Я показал своё журналистское удостоверение. Старушка сощурилась,
разбирая шрифты, которые я сам подбирал для документа.

– Что такое «БЖР «Улисс»? – поинтересовалась она

Забавная старушка, подумал я, да долго тебе объяснять, что такое
«БЖР «Улисс». Все равно не поймешь.

– Бюро жилищных ресурсов, – соврал я.

– Еще не легче, – проворчала женщина. – Нет, Юра здесь не живет,
только прописан.

– Вот как, а Вас как зовут?

– Антонина Андреевна Апраксина, – сказала женщина.

– Могу я узнать, Антонина Андреевна, где его можно сейчас найти?

– Даже не могу вам сказать. Я не знаю его адреса, – ответила
старушка. – Появляется тут раз в полгода, смотрит, когда стены
освободятся. Пока еще не освободились, и уходит, ничего не
сказавши.

Я размышлял: врешь, старуха. Кто же это научил тебя так отвечать
посторонним людям? Юрий, или сама додумалась? Конечно, есть еще
в нашей стране бабушки, которые горой будут стоять за
внука-призывника перед пастухами из военкомата, проведут вокруг
пальца любого многоопытного военкома... Но в голосе этой
бабушки Апраксиной сквозила горечь обиды, было видно, что она
недолюбливает своего внука. Мне можно было делать реверанс и с
поклоном уходить восвояси, но я решил еще раз попытать
счастья.

– А Вы не подскажете, у Юры была невеста Настя? С такой длинной косой...

Женщина внимательно посмотрела на меня.

– Настя, говорите? С длинной косой? Вот уж Насти у него точно не
было и в помине. Может быть, Вы имеете в виду Наташку...

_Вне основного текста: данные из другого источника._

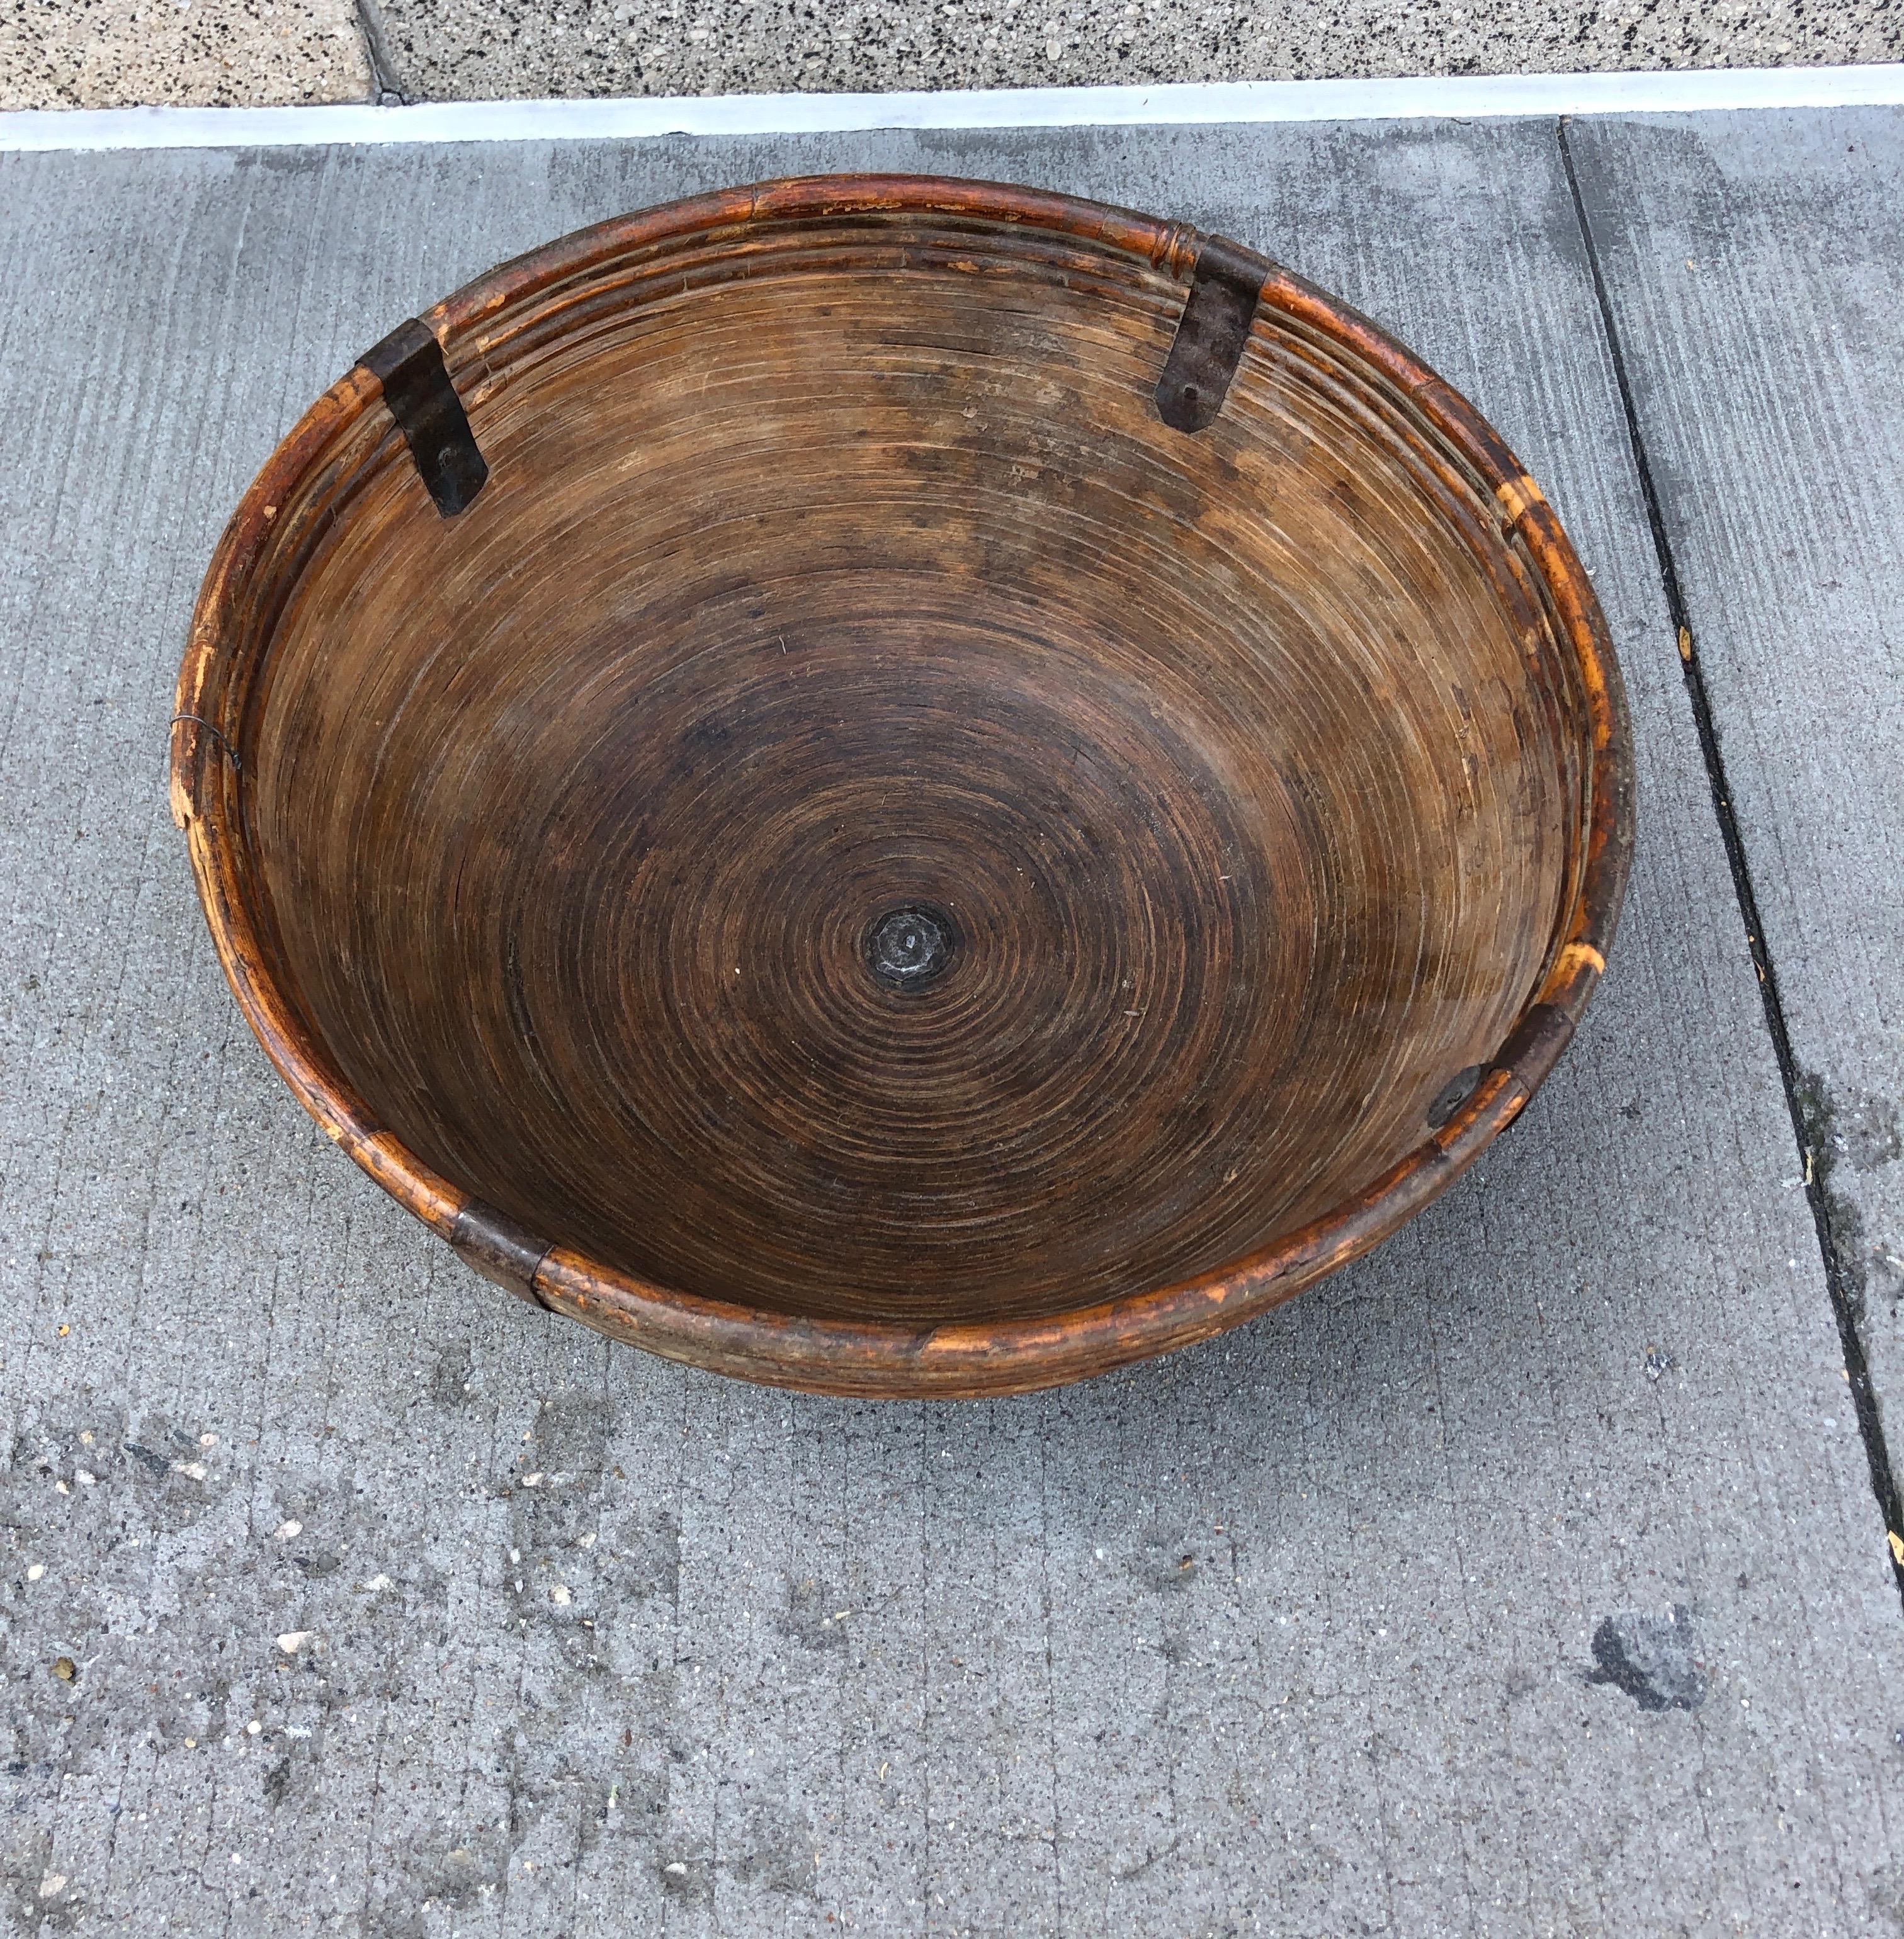 Fiber/Wood Bowl with Metal Supports 7

– Да-да... точно... Наташку... из соседнего подъезда...

– Нет, – рассмеялась в щелку старушка. – Наташку из соседнего
подъезда он давно уже бросил, а теперь у него есть Наташка из
Криворотово, что по дороге в Курган. Деревенскую он полюбил,
только что в этом толку?

На пригорке стояла «соска» с пивом, возле нее сидели мы с Альбертом Поком.

– ...так что с номером четыре все глухо, – закончил я свой рассказ.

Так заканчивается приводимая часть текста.